Fix universe inconsistency issue in FoldCTree

[ionathanch]

I haven't been able to dune build the entire thing¹ bc my laptop is too pathetic so you should check this yourselves but I've built enough portions that I'm fairly confident this should fix the universe inconsistency issue in FoldCTree.

(Unfortunately for me (but fortunately for y'all) it wasn't an instance where something really needed to be polymorphic but rather that C was applied to X when you have ctree E C X. It would probably help prevent future issues if you changed the definition of ctrees to enforce that the universe level of ctree E C X and of X be exactly the same...)

Footnotes

1. Is there a dune build GH action for PRs? That'd be v handy ↩

[YaZko]

Hey Jon!

Thanks for your message! That's quite the good catch indeed, thanks a bunch.
Unfortunately, we still have deep-rooted universes issues, but it's great to fix one!

W.r.t. compilation, we just fixed at least the execution time --- and I'm fairly confident the ram consumption as well, but I need to double check --- by relying on the new coinduction branch. I only fixed the v0.1 branch against it for now, I do things more properly asap.

Best,
Yannick

[YaZko]

Ah I had overlooked this part of your message:

It would probably help prevent future issues if you changed the definition of ctrees to enforce that the universe level of ctree E C X and of X be exactly the same...

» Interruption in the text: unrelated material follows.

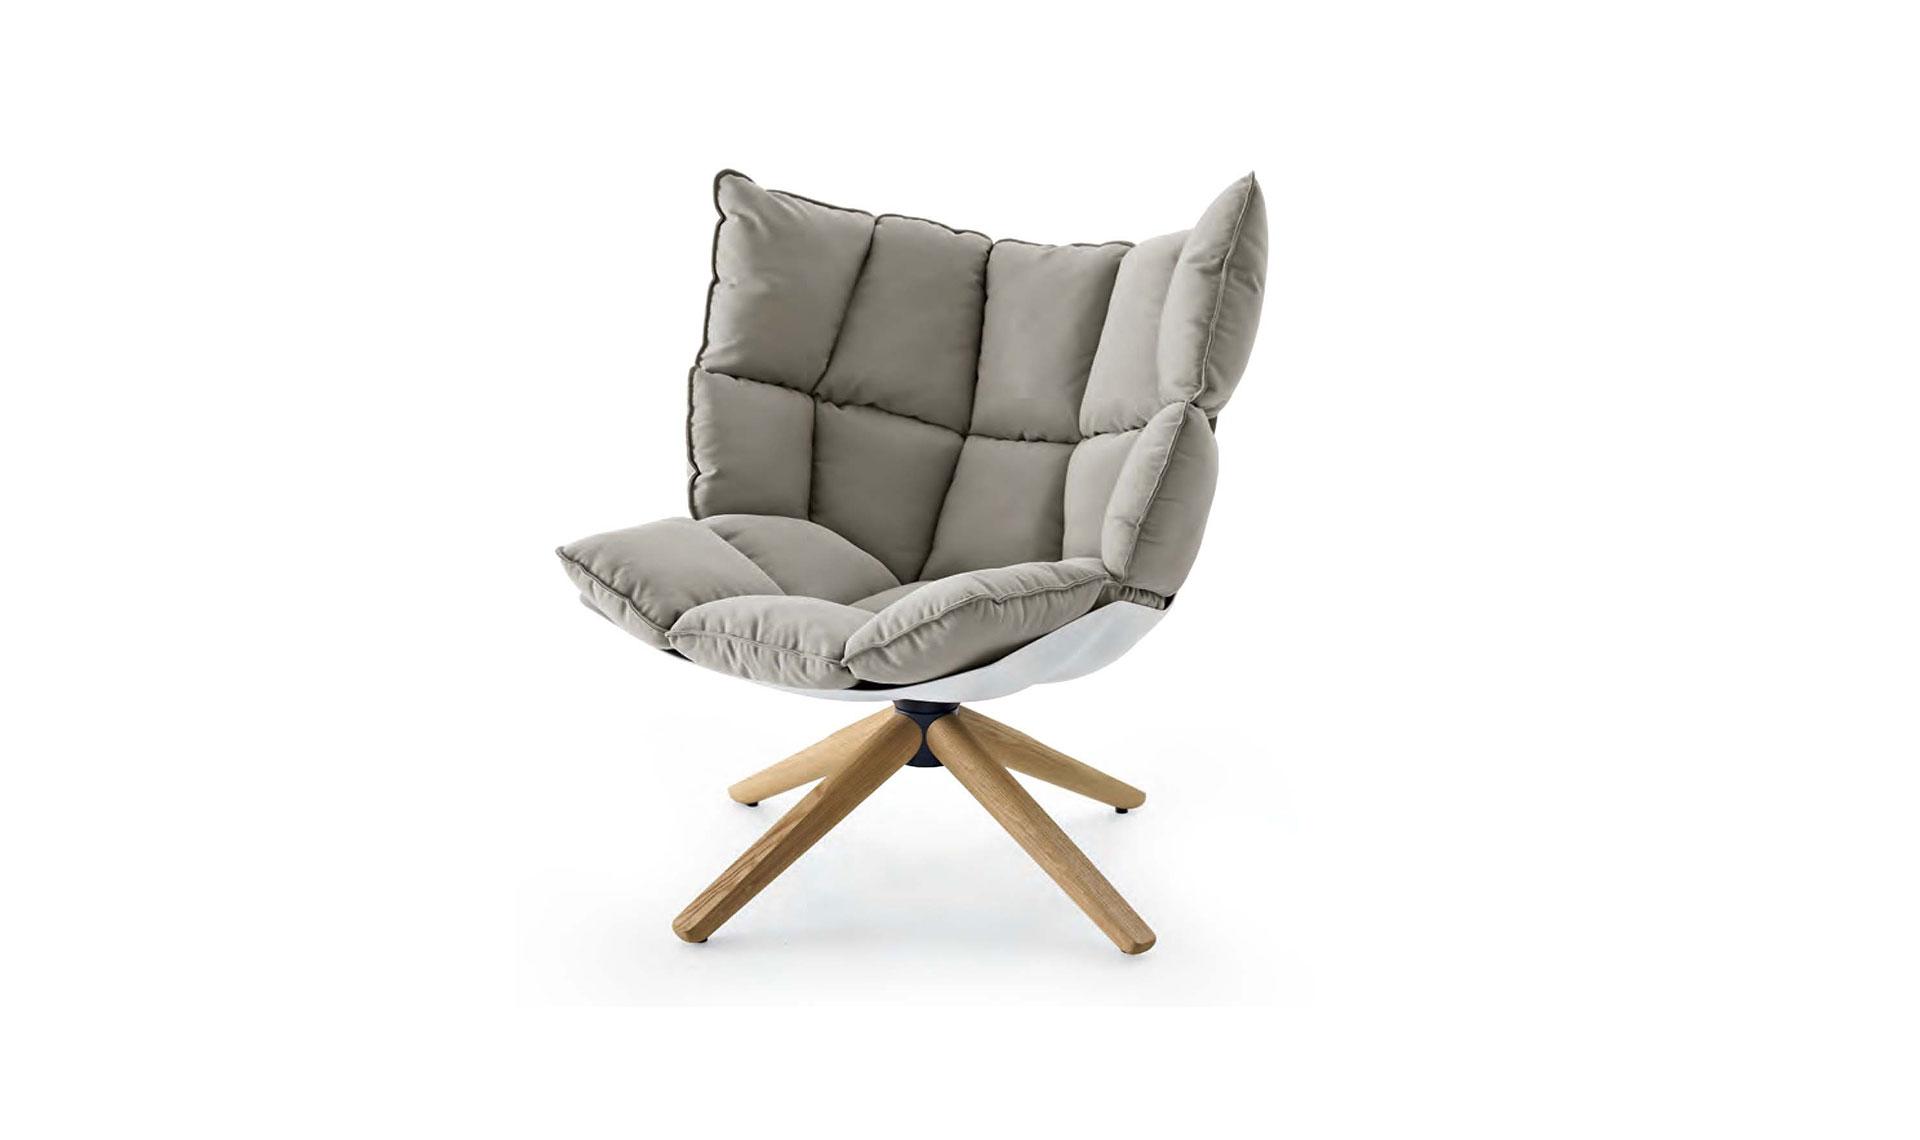 100 лет дизайна: кресло Husk Патрисии Уркиолы

Would you have an intuition about this?

[ionathanch]

Both universe inconsistencies (incl. the one Lef pushed a fix for earlier) were caused by C being applied to X which somehow enforces the universe level of X to be strictly smaller than ctree E C X which then prevents you from using the two at the same level (e.g. ctree E C (ctree E C X)).

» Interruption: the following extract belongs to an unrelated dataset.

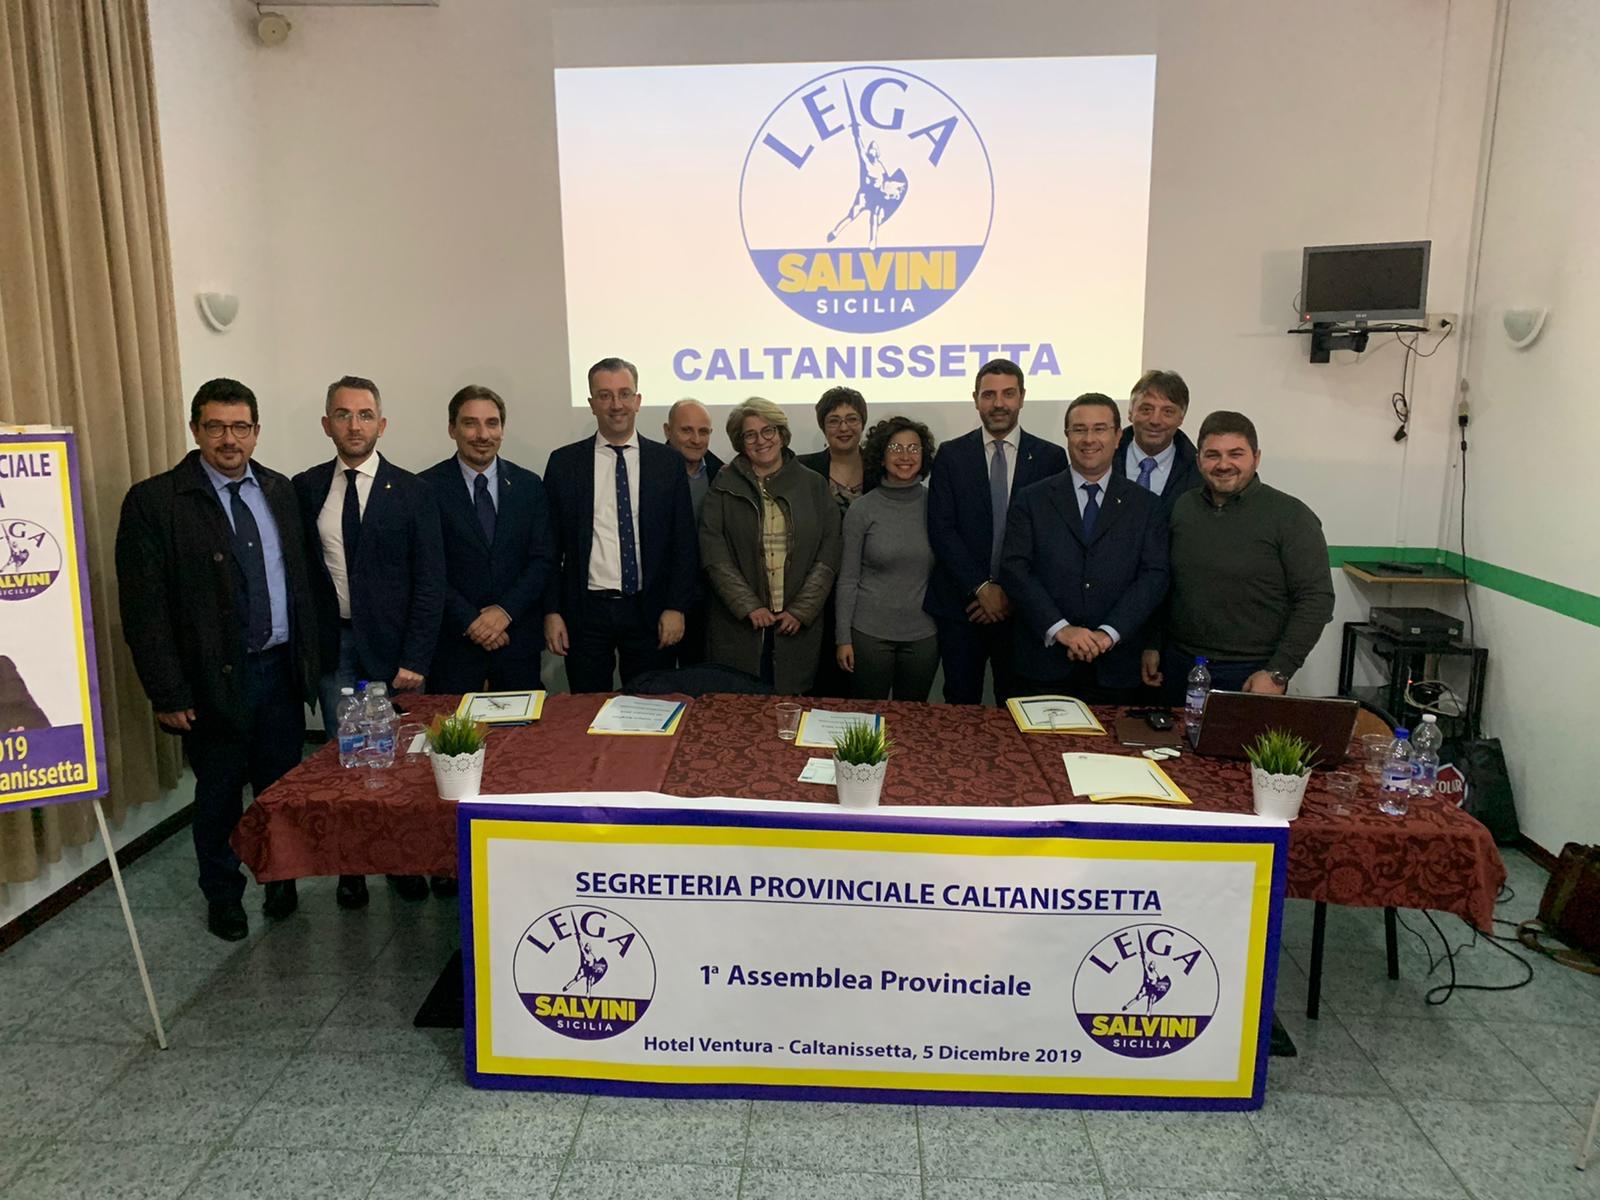 Prima assemblea provinciale Lega Caltanissetta, nominati i commissari

Specifically it starts out with a section with context variables (I've added explicit universes for clarity):

Section Lib.
  Universes a b c d e.
  Context {E : Type@{a} -> Type@{b}}
          {C: Type@{c} -> Type@{d}}
          {X : Type@{e}}.

Either the section explicitly applies ctree E C X or when you use something in the section they get instantiated to E, C, X that have been applied to a ctree, so you get constraints like this (u being the level of the ctree):

a < u
c < u
b <= u
d <= u
e <= u

Then C X occurs somewhere; in the Kripke file those were some of the ktrans lemmas, and in SSim that was the spin thing:

  Lemma ktrans_lem: forall (c : C X) (t : ctree E C X) (k : X -> ctree E C X), ...
  Lemma spinny : forall {Y} (c: C X) (c': C Y) (x: X) (y: Y), ...
End Lib.

I'm not entirely sure why, but this seems to add the constraint c = e between C's domain level and X's level, which then means that e < u must hold whenever you use those lemmas, since you're instantiating the E, C, X. I think it might be related to this: coq/coq#17498.

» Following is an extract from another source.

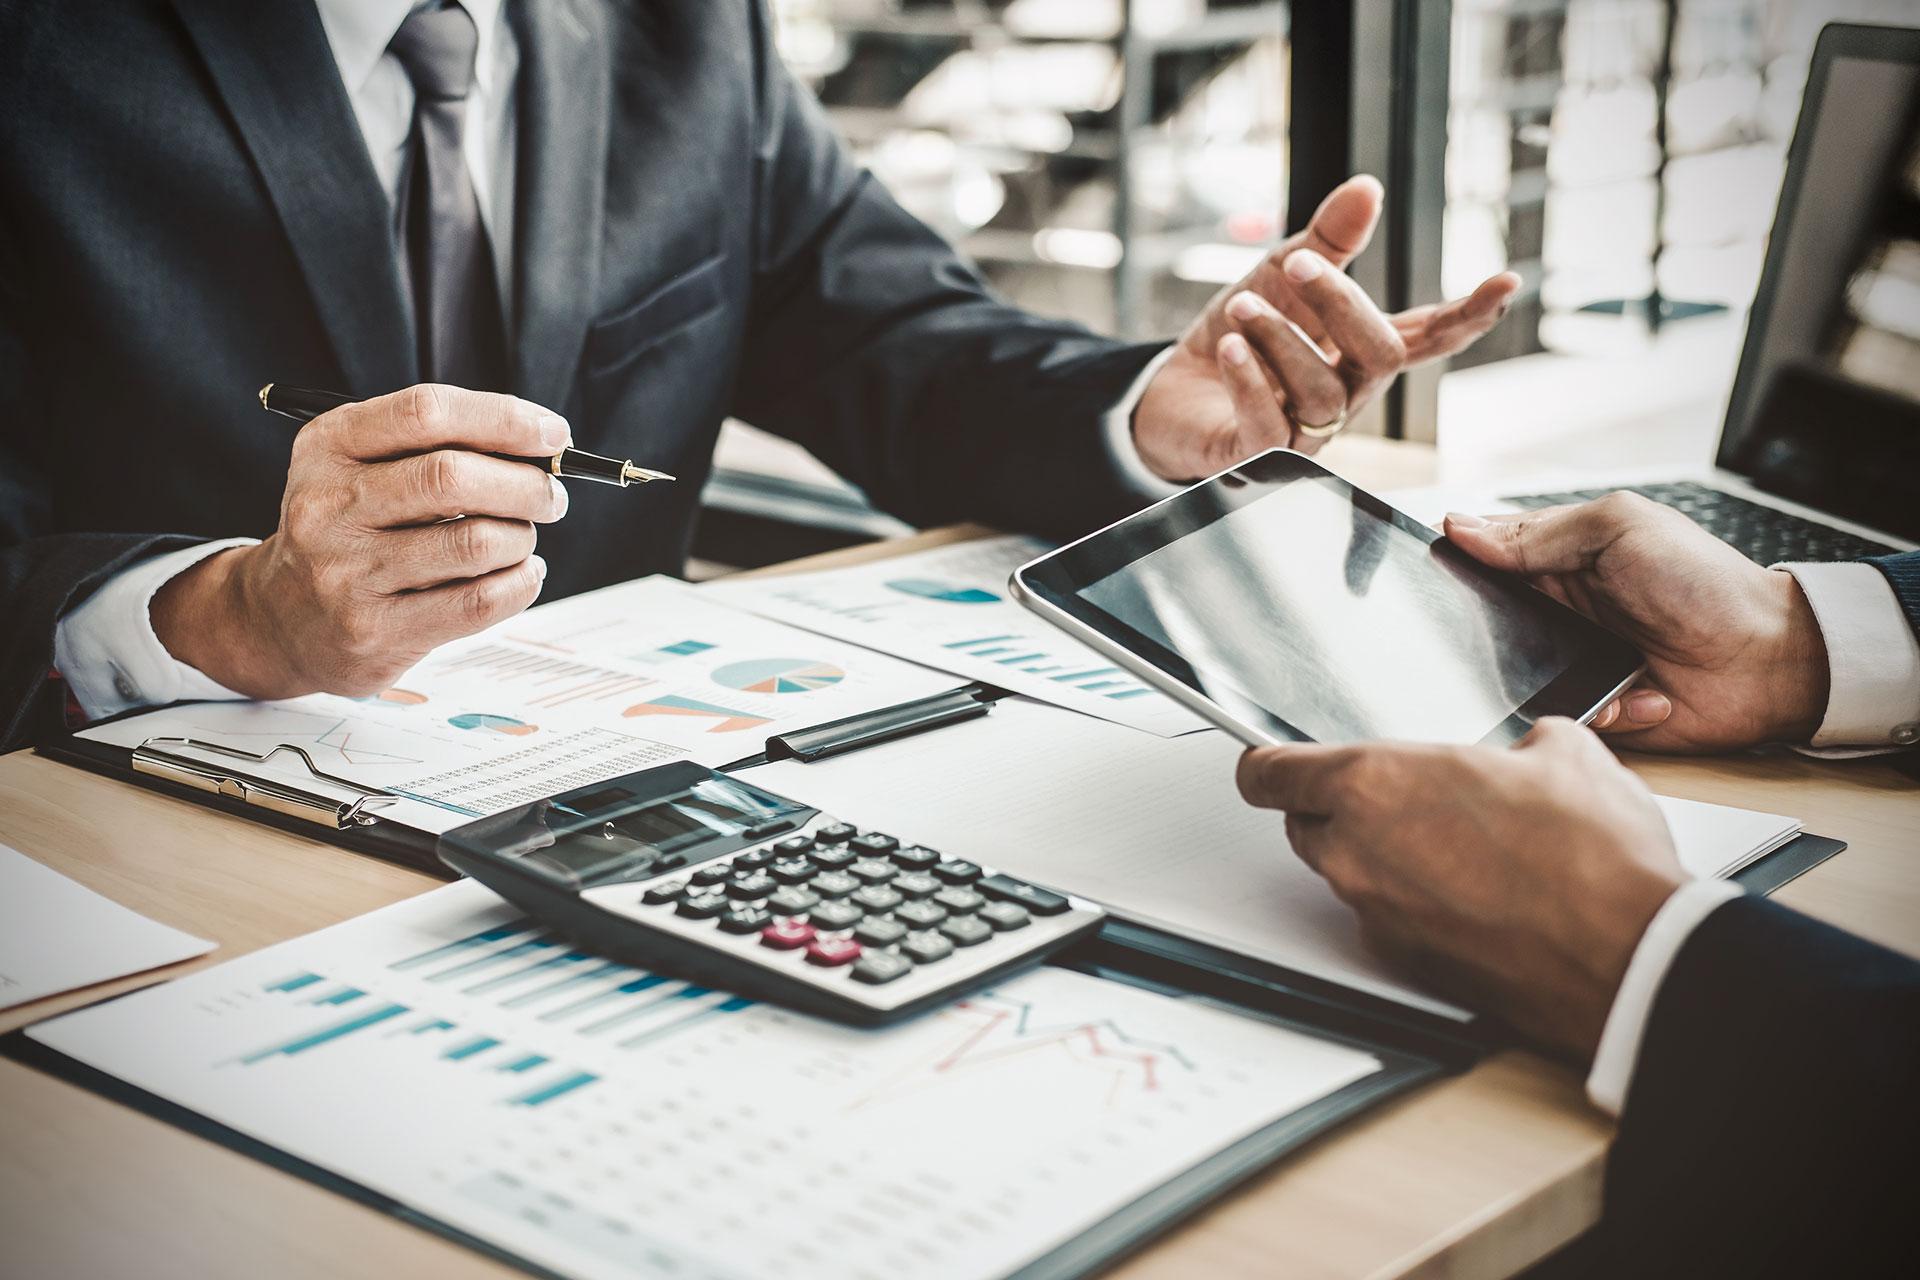 apis-servizi-di-finanza-e-consulenza-su-misura-per-i-clienti

So if in a later file you do use those lemmas:

Require Import Lib.
Section OtherFile.
  Lemma some_lemma : forall {E C X} (t : ctree E C X), ...
  Proof.
    ...
    apply ktrans_lem.
    ...
  Qed.

and then attempt to violate the constraints you've unwittingly imported:

  Fail Lemma inc : forall {E C X} (t : ctree E C (ctree E C X)), ...
End OtherFile.

you'll get an inconsistency saying that u <= e cannot be enforced (level of inner ctree E C X) because e < u. Sometimes these inconsistencies don't show up until my later because you simply haven't attempted something nesty like inc until much later (e.g. Network imports Ctl uses ktrans from Kripke). tbh I'm not sure why the inconsistency shows up in FoldCTree bc I don't actually see any nested ctrees around, but thankfully the culprit was the direct usage of something from SSim. Anyway the fix is simply to generalize over X in those earlier lemmas.

I don't actually really know much about the intended meanings of what ctrees are, but from the use of nested ctrees I gather that the levels of ctrees and result type X really should be the same. I suppose you could simply make sure to never ever ever apply a context C to a context X, but that's really a workaround for Coq being weird about elaborating universe levels, and I don't know how you'd enforce that, so it'd be easier to just say c <= e or even e = u to prevent that from happening.

Of course if you actually do want to apply C to X (what is that, a choice over your result type? do you do that?), then you'll run into the exact same issue, and I think at this point you really do need universe-polymorphic ctrees. In that case, good luck lol

(I know this is getting long but one final addendum: I noticed in Bisim there's a ton of instances of C X or similar, but that doesn't cause issues because C and X are generalized in each lemma and not in a Context. Do you get universe inconsistencies when you apply a specific lemma in Bisim and then go on to state a nested ctree? If not, then I think the issue really is just Coq's elaboration and not something more fundamental, but it also seems unreasonable to ask that people annotate Type on every single type.)

(Also some things behave weird when you have things like ctree E C X + X but I didn't care to look into that and I think you know about the issues with +.)